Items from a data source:
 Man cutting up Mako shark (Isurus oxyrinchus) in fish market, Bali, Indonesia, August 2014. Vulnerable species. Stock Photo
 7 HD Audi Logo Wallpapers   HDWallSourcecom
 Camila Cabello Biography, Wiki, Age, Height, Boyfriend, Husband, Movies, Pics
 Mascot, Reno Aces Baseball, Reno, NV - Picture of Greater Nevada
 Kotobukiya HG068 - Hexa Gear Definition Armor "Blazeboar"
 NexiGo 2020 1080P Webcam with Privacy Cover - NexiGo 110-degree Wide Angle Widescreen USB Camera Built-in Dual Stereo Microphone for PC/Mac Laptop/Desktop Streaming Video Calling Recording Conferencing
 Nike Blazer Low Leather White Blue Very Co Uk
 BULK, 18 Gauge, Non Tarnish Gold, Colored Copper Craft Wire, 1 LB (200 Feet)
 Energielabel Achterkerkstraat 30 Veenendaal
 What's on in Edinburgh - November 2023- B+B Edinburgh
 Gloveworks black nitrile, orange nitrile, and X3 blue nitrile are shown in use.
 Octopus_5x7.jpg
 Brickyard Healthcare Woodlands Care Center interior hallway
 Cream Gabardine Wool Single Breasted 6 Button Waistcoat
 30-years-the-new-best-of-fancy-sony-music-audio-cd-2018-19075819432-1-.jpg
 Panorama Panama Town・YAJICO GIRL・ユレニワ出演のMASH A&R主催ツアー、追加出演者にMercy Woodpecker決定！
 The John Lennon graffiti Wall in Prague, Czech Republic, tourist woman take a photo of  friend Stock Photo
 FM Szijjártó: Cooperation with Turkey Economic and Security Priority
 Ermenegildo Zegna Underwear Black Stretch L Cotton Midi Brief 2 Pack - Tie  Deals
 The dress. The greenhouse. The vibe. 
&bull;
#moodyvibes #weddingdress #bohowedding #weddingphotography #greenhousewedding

**WORK ITEM**
Only these lines should appear in the reply: the one containing "The John Lennon", the last line of the data, and all lines between them, each copied exactly.

**ANSWER FOR THIS EXERCISE**
 The John Lennon graffiti Wall in Prague, Czech Republic, tourist woman take a photo of  friend Stock Photo
 FM Szijjártó: Cooperation with Turkey Economic and Security Priority
 Ermenegildo Zegna Underwear Black Stretch L Cotton Midi Brief 2 Pack - Tie  Deals
 The dress. The greenhouse. The vibe. 
&bull;
#moodyvibes #weddingdress #bohowedding #weddingphotography #greenhousewedding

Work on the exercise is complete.